The Case Against Caucuses
Once again, we are hearing of efforts to not only restore the caucus for the Presidential race, but also for other offices.
I was known as one of the leaders of the caucus movement, but I have changed my mind.
Why would I join the ranks of those who reconsidered their support of caucuses?
I observed during the last Presidential nominating process that a number of caucus states had uncertain or even tampered with results. Iowa had a stream of changing results that made a mockery of their process. In Maine the entire delegation to the Republican National Convention was disposed of by the National Convention Credentials Committee after reported irregularities.

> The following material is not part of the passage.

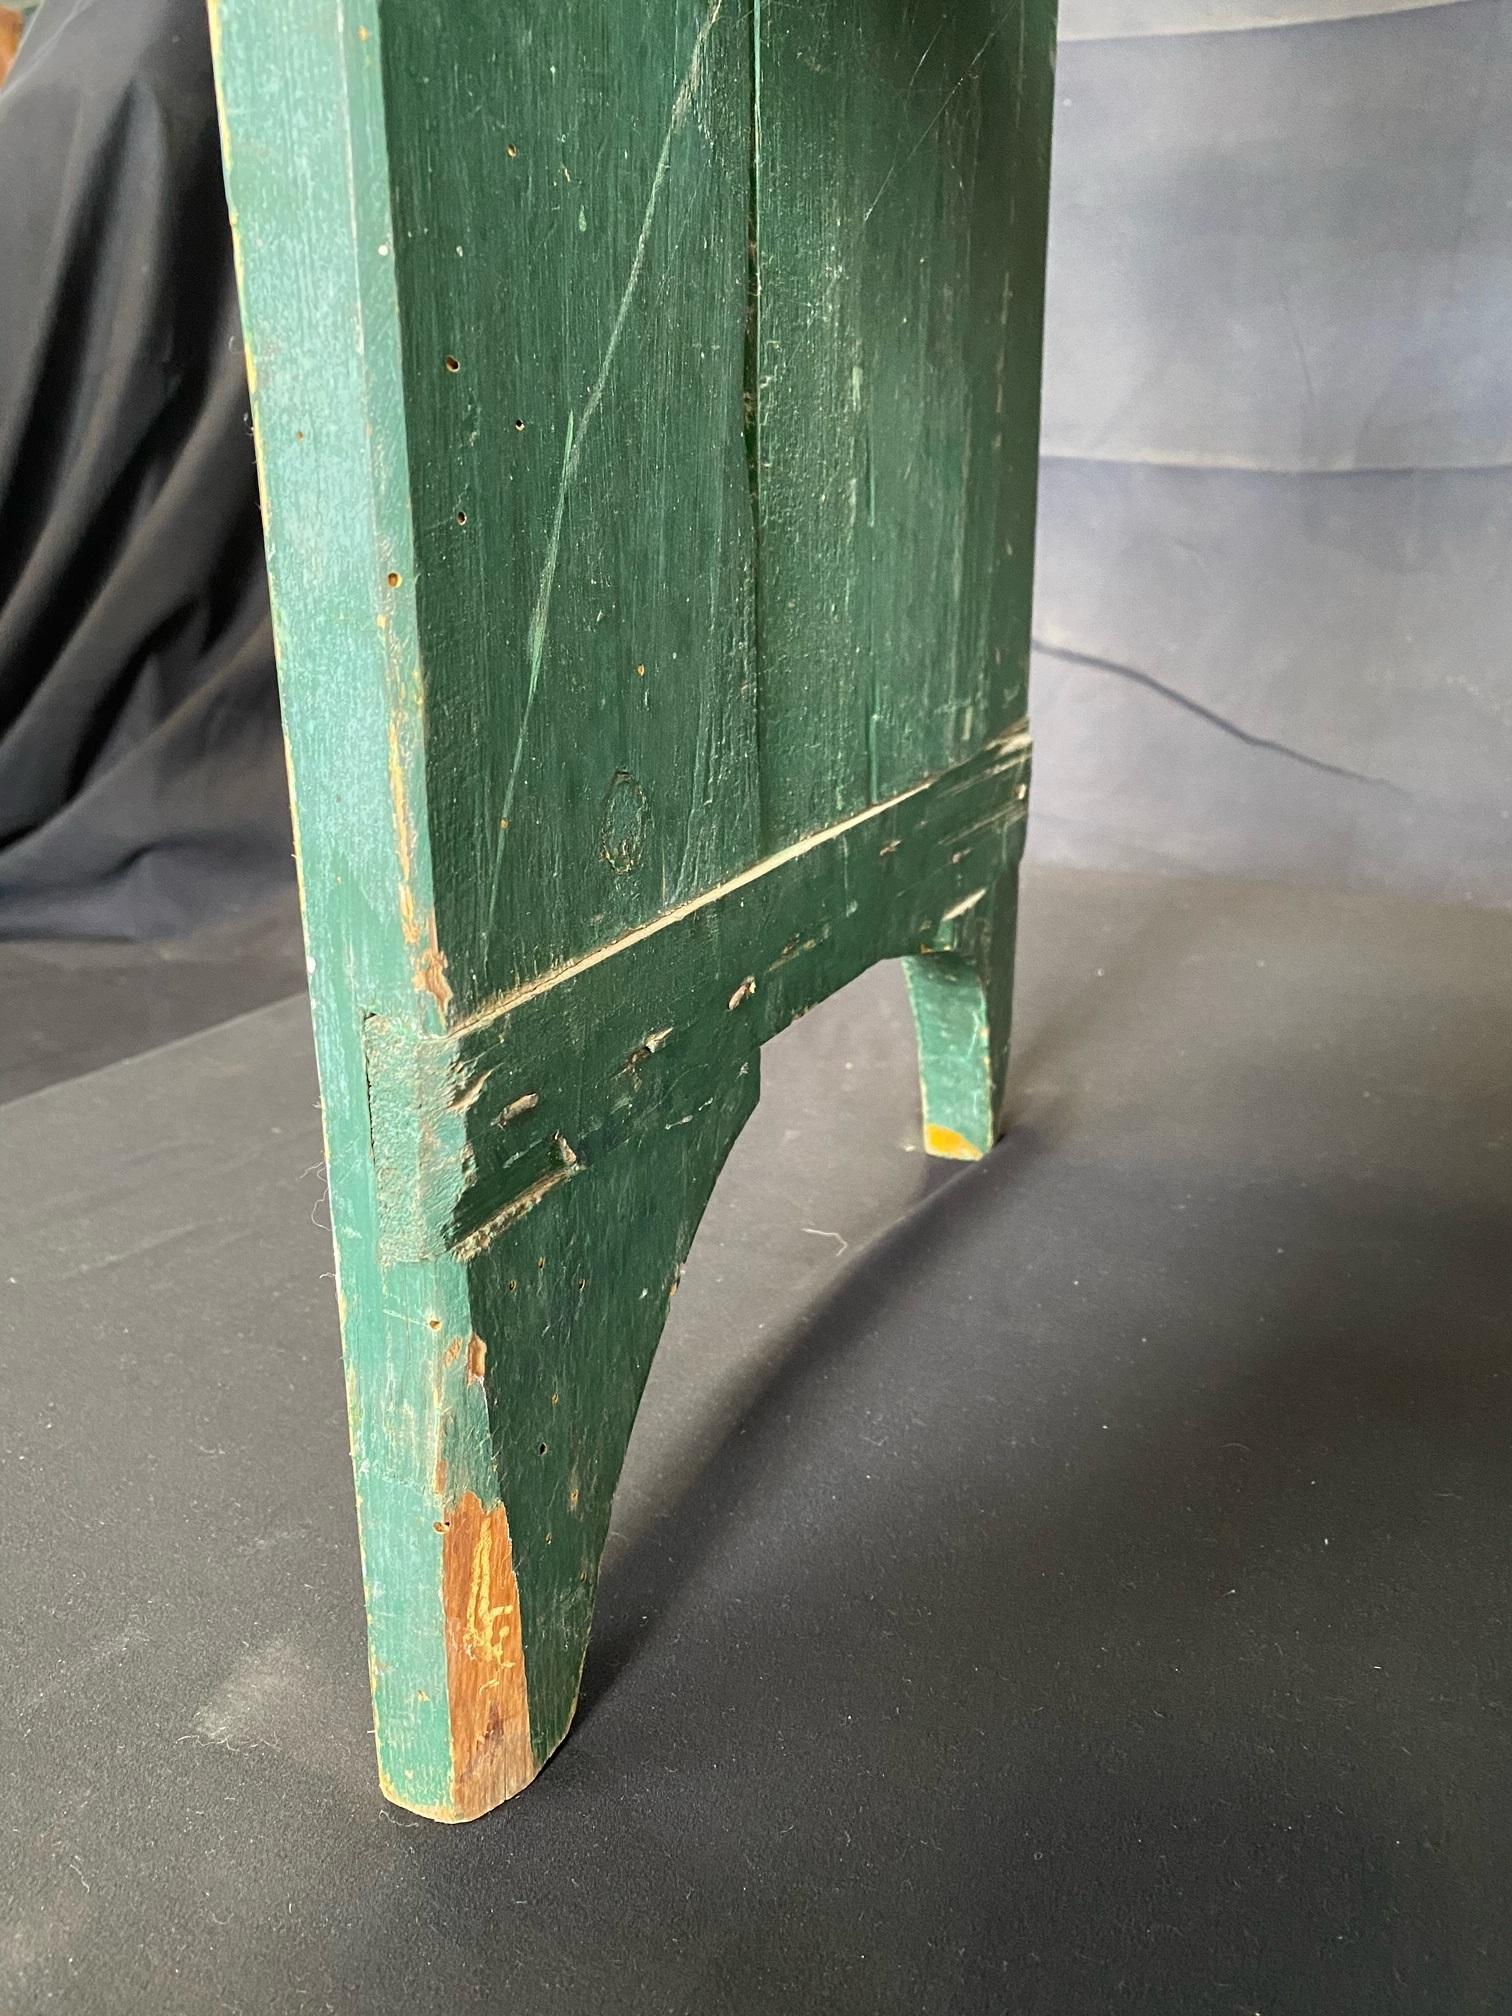 Rustic 19th Century Painted Tall French Waterfall Garden Pot Shelves or Stairs For Sale 3
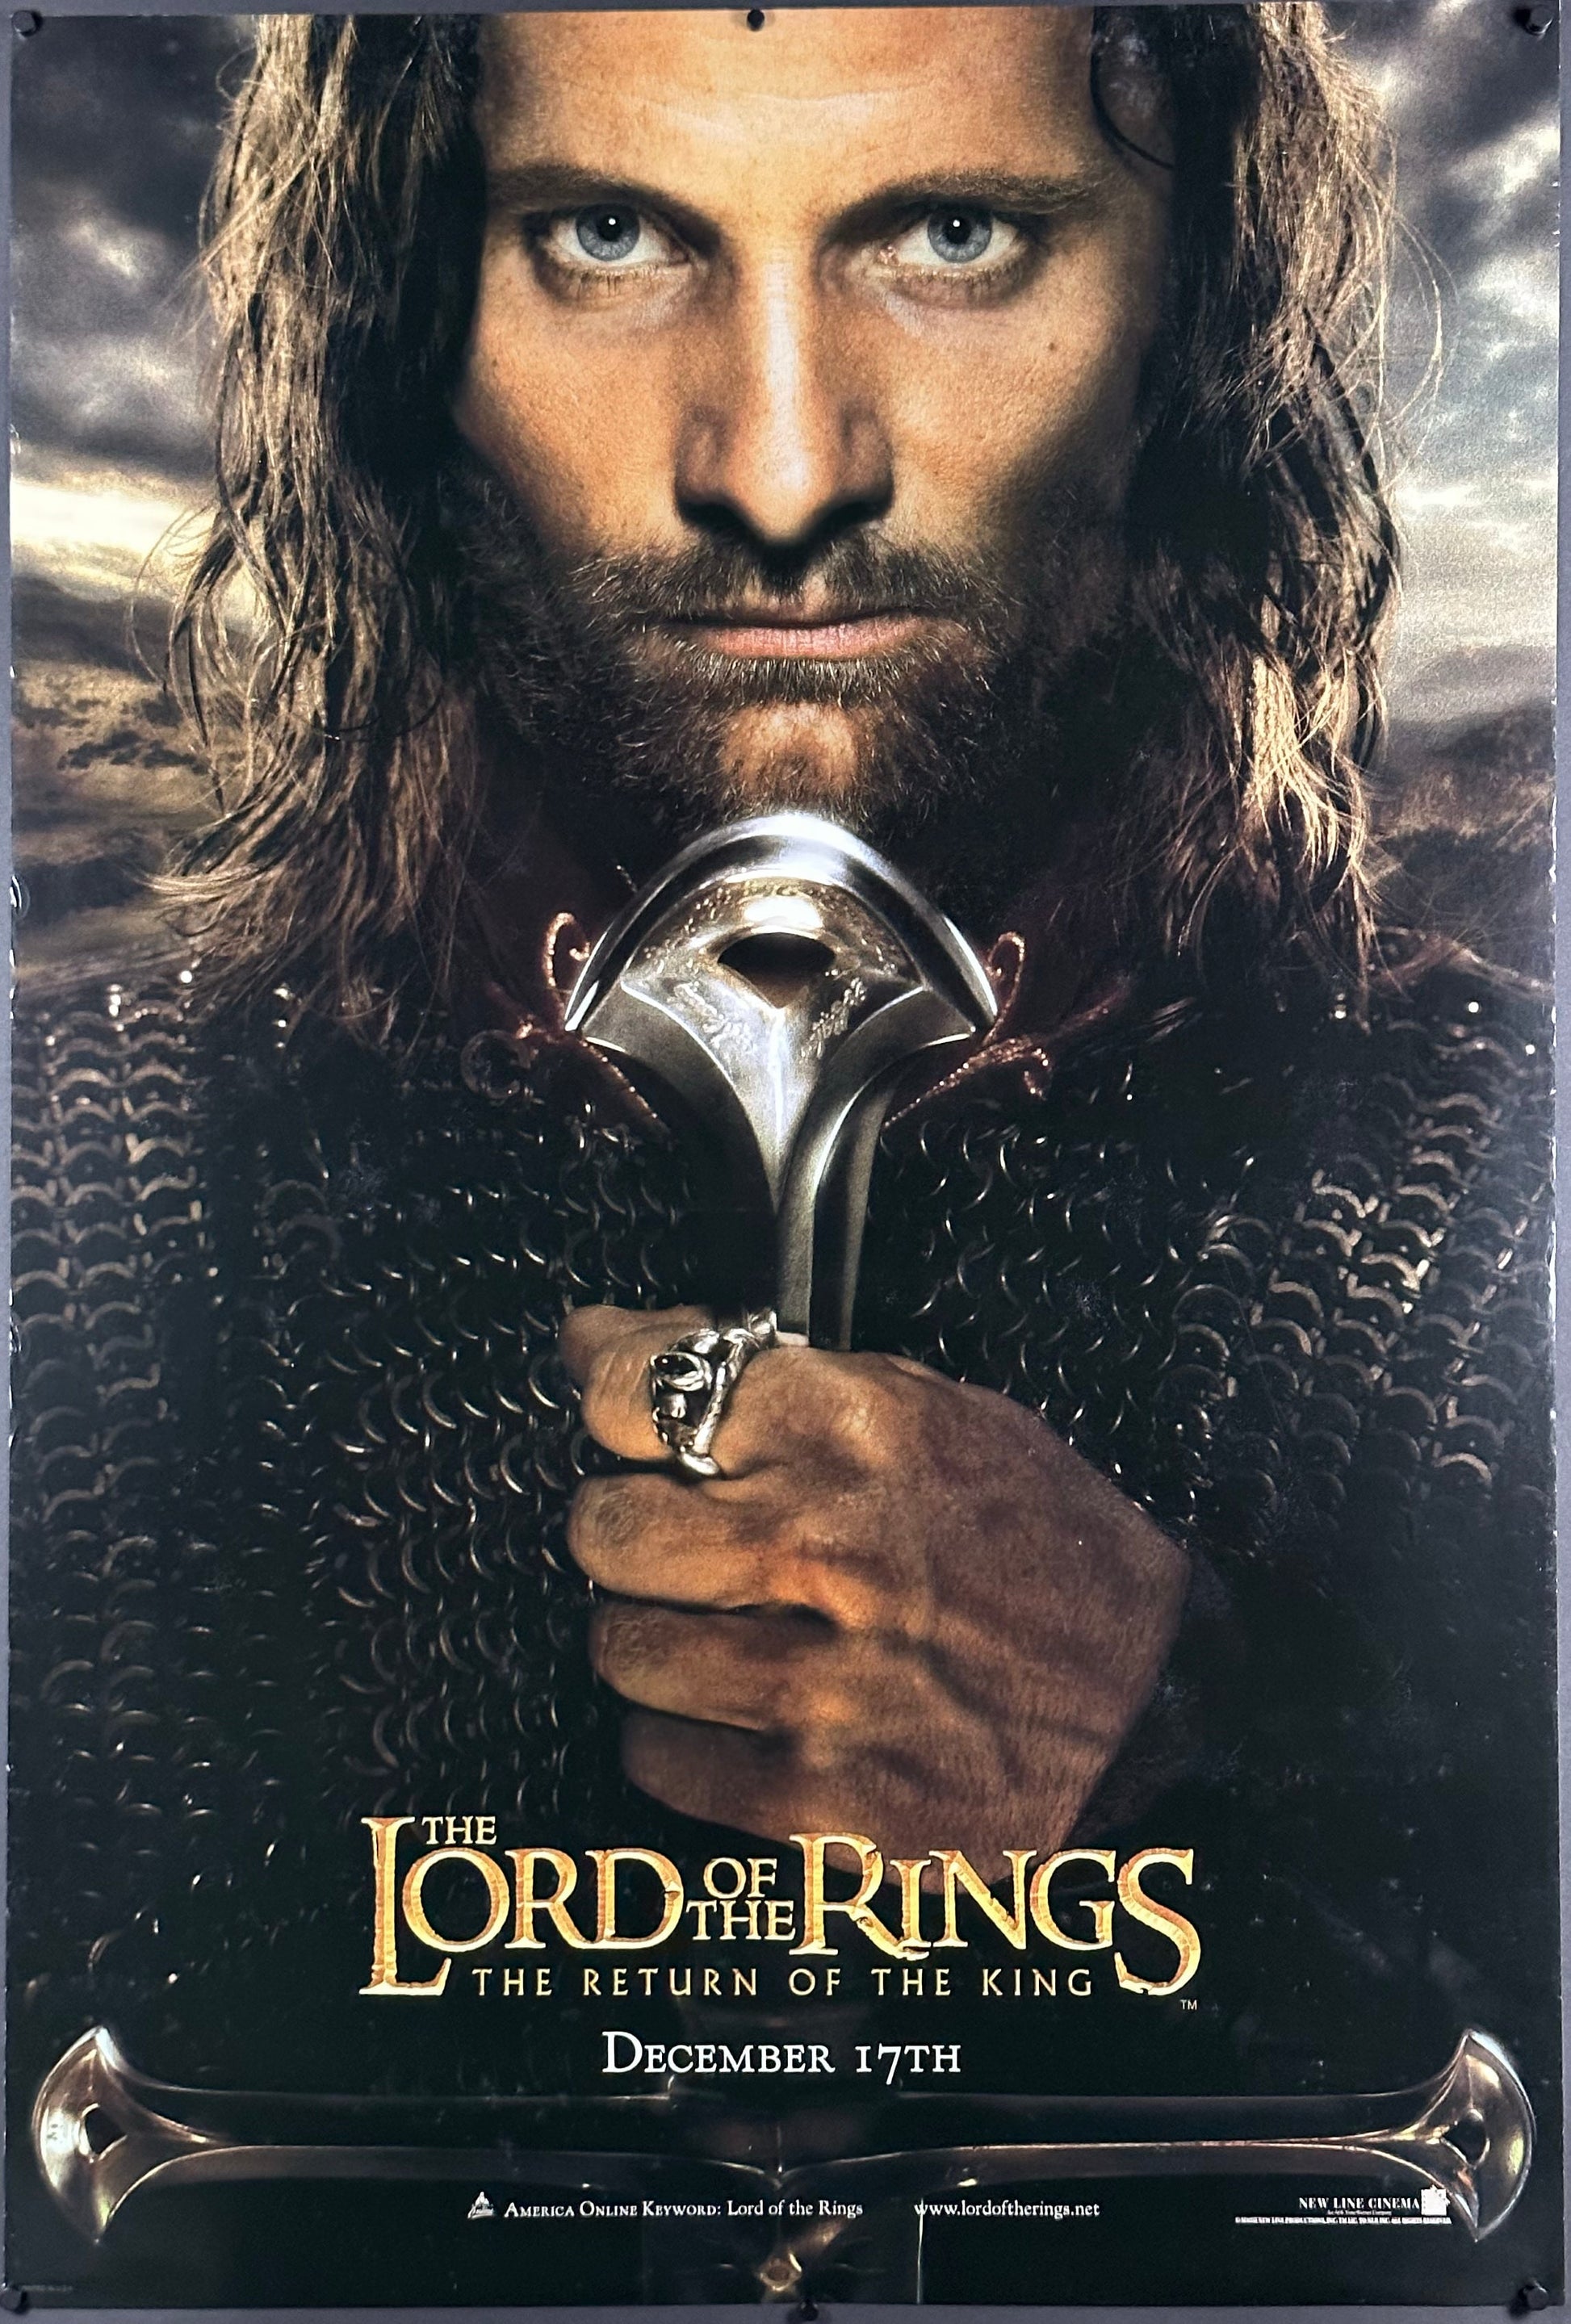 The Lord Of The Rings: The Return Of The King US One Sheet Aragorn Style (2003) - ORIGINAL RELEASE - posterpalace.com

In many caucus states there were actual fights among Delegates (we even had one in our convention in Oklahoma) and the opportunity for fraud was rampant.
In my own case, I ran for Republican National Committeeman and lost by what ended up being 18 votes. After I conceded that the results could not be recounted (several counties simply threw the ballots away) I was informed by Pam Pollard, OKGOP Vice Chair at the time, that one delegation should not have been seated under the rules of the party. That delegation voted 20 to 0 for my opponent. The Oklahoma GOP uses a caucus/convention system to elect party officers.
Do we want to subject our public offices to this kind of election mismanagement? I think not.
Admittedly, there are many advantages to a caucus, but only if it is broad based and free of corruption.
I have personally observed the caucus system in a number of states and I must say that Utah has the best system of caucus/primary. They have a much higher participation rate than Oklahoma ever did. Utah's caucus requires a super majority to avoid a primary and if there is no caucus super majority they have a primary among the top contenders.
The Utah system dramatically reduces the cost (to taxpayers and campaigns) as they eliminate a primary when there is no real need for one (such as the guy who ran against Insurance Commissioner John Doak this year but didn't make a serious effort) and it makes the primaries that do occur into what effects a runoff, further reducing costs.
The only thing the Utah system does to prevent corruption in the caucus is the fact that a super majority is required. As Hugh Hewitt said, "If it's not close they can't cheat." Getting a super majority is difficult to fake!
Lacking a well thought out system like Utah, I would have to oppose a caucus.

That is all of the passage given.